Inside the Photography of Ishiuchi Miyako - Research


Inside the Photography of Ishiuchi Miyako


70 years after the bombing of Hiroshima, the Japanese artist imbues women’s objects from the event with a ghostly presence.









"For the last eight years, Ishiuchi has traveled to Hiroshima to photograph objects affected by the atomic bombing of that city, now preserved by and housed in the Hiroshima Peace Memorial Museum.Shimomura Mari, a curator at the museum who has assisted many artists intent on utilizing artifacts from the collection for their own creative projects, acknowledges that Ishiuchi approaches the subject unlike anyone else. When I visited the Peace Memorial Museum last year, Shimomura told me that Ishiuchi’s straightforward, intuitive approach surprised her initially. Ishiuchi’s equipment and setup are very basic (she occasionally uses an automatic point-and-shoot camera) and she often speaks to the objects while photographing them.
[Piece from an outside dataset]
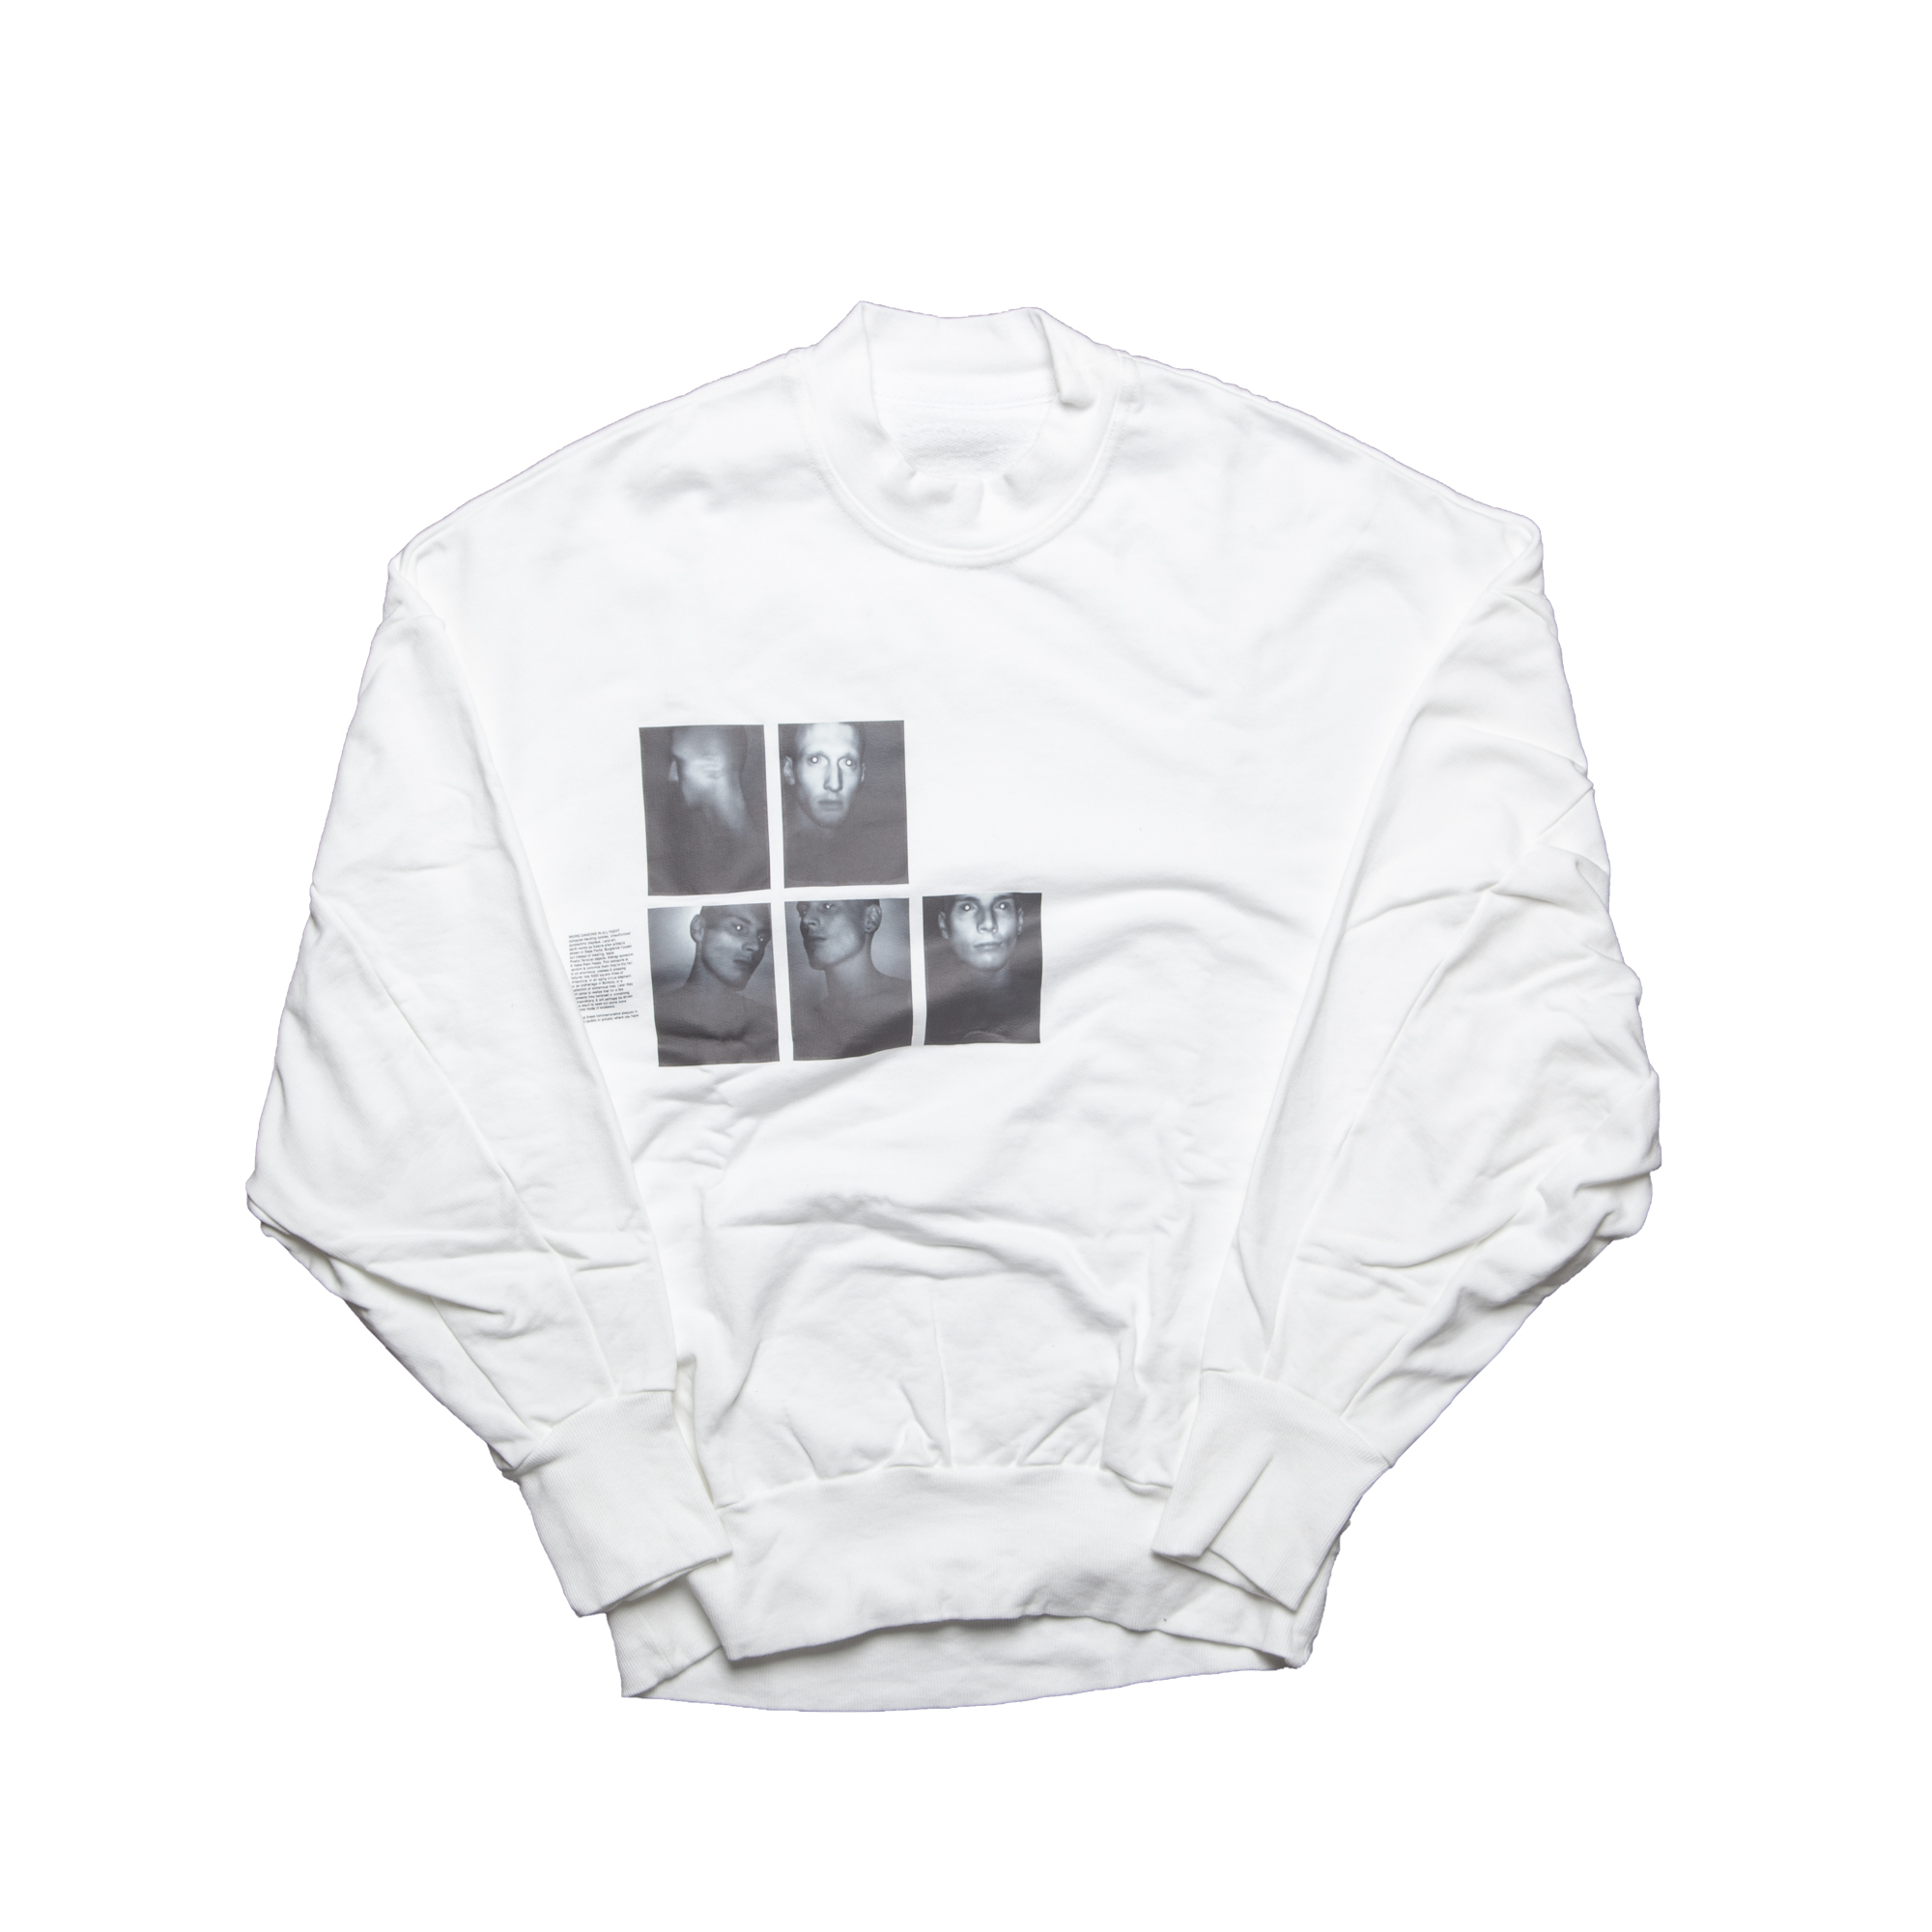 677CPM3-WHITE / P. T. バルーンスウェットシャツ

Both casual and intimate, Ishiuchi’s practice involves fostering a kinship with each object that she ultimately decides to depict. Moreover, Ishiuchi tends to isolate fragments of clothes or details in the garments—such as hems, buttons, lace, wrinkled fabric—as her subjects. She presents them in vivid colour and in large scale, thus encouraging viewers to look at what might otherwise escape notice, particularly when displayed in Plexiglas vitrines.

Reflection

There is a ghostly presence within the photographs of Ishiuchi Miyako, the artist that uses both the objects themselves as well as photographic representations of the items to tell the story of the Hiroshima atomic bombing. Going back to a piece of  text I read about traces of memory in a book entitled Contemporary Art and Memory, I notice a juxtaposition of ideas, while Miyako takes objects that have clearly been damaged through the bombing and displays them as artefacts of a crime. Miyako also collects photographs of happy memories all taken before the death of her mother. This provides a different tone to the otherwise similar collections, after taking objects that represent a fuller picture of a life and memorialises the existence of her mother, it seems somewhat strange to compare that with the mournfully in there placement of her work on the Hiroshima bombings. Yet all these object have supporting text that contextualise there display. If I were to arrange this work myself, I would present it in a very similar way, however I feel the addition of an audio piece would link the objects further.